Home Health & Hospice Week

Industry Note:

Medicare Cost-Cutting Pressure Eases Slightly

Slower Medicare spending means the Medicare trust fund now is projected to last until 2026, according to the latest Medicare Trustees’ Report released May 31. Last year’s report indicated Medicare would go broke in 2024.

Part A spending is growing faster than taxes are coming in to pay for the program, and the Part A coffers will be empty by 2026 unless the government takes action, according to the report. Part B and Part D accounts "are adequately financed under current law, since premium and general revenue income are reset each year to match the expected costs," the report notes. "Such financing, however, would have to increase faster than the economy to match expected expenditure growth under current law."

Affordable Care Act reforms "aim to reduce spending while improving the quality of care, and are an important down payment on solving Medi-care’s long term financial issues," CMS Admini-strator Marilyn Tavenner says in a statement.

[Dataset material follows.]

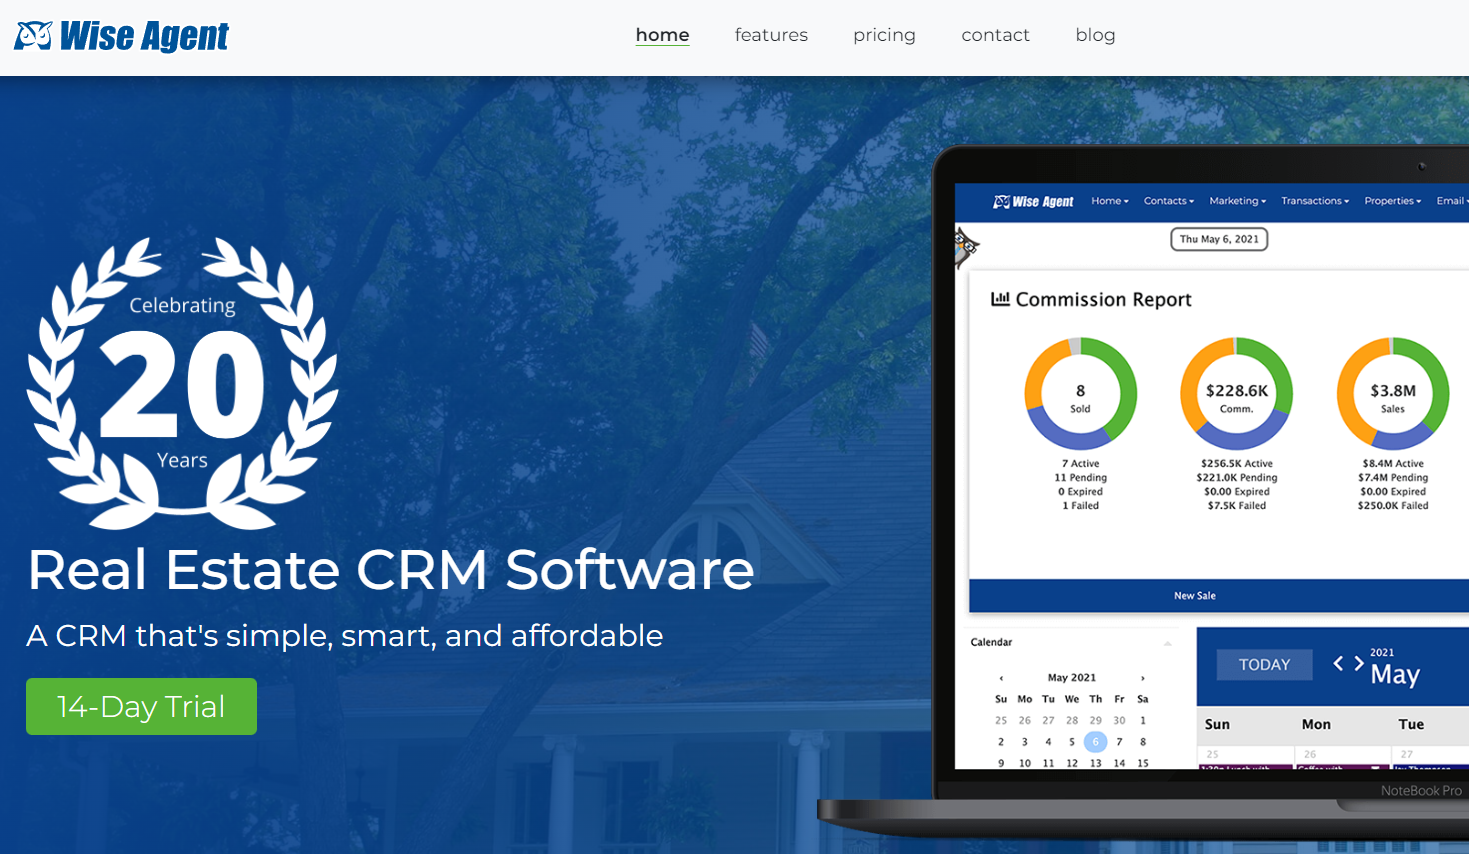 Wise Agent is another top real estate CRM.

Between 2010 and 2012, Medicare spending per beneficiary grew at 1.7 percent annually, which was slower than expected.

If Congress takes no action to correct Medicare’s depleting funds, the program will be able to cover just 87 percent of estimated expenditures in 2026, and only 71 percent of projected costs in 2050, CMS notes. "Congress and the executive branch must work closely together with a sense of urgency to address these challenges," says the report at http://downloads.cms.gov/files/TR2013.pdf.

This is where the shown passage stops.